Специалисты по кибербезопасности фиксируют изменение подхода к распространению вредоносных программ в Android-среде. Как сообщается в отчёте компании ThreatFabric, опубликованном на прошлой неделе, всё больше дропперов — приложений, маскирующихся под официальные инструменты — начали использоваться не только для доставки банковских троянов, но и для распространения более простых вредоносов, таких как шпионские модули и программы, крадущие SMS.
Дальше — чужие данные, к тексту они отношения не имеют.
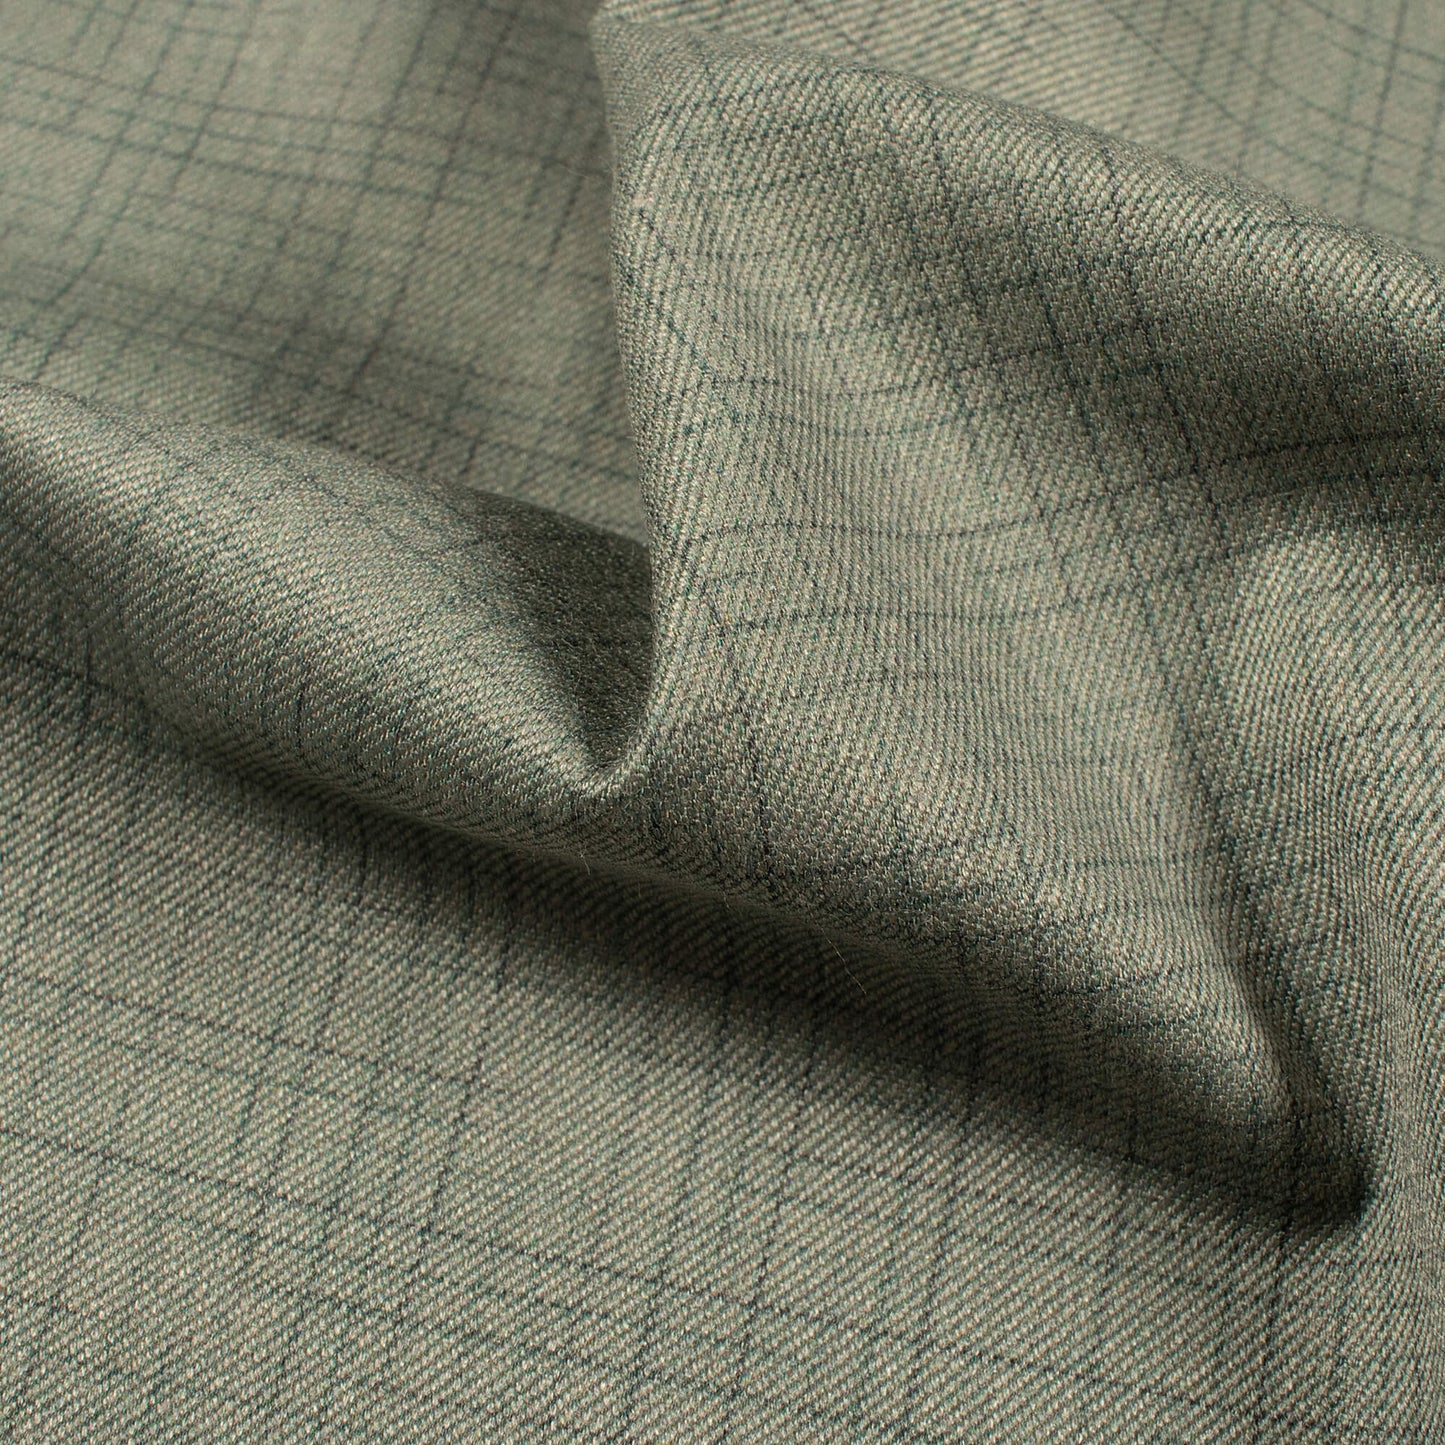 Laurel Green Checks Printed Luxury Suiting Fabric

По данным ThreatFabric, активность новых вредоносных кампаний особенно проявляется в Индии и других азиатских странах. Злоумышленники используют поддельные приложения, выдаваемые за банковские или правительственные, чтобы заразить устройства пользователей. В компании уточнили, что переход к использованию дропперов с лёгкими вредоносными модулями стал ответом на недавние изменения в системе безопасности Android, тестируемые Google в ряде стран — в частности, в Сингапуре, Таиланде, Бразилии и Индии.
Google начала ограничивать установку программ, которые запрашивают доступ к опасным функциям — например, к SMS или службам специальных возможностей, которые часто используются для получения контроля над устройством. Эти меры уже привели к снижению количества случаев установки вредоносных приложений напрямую через Play Market.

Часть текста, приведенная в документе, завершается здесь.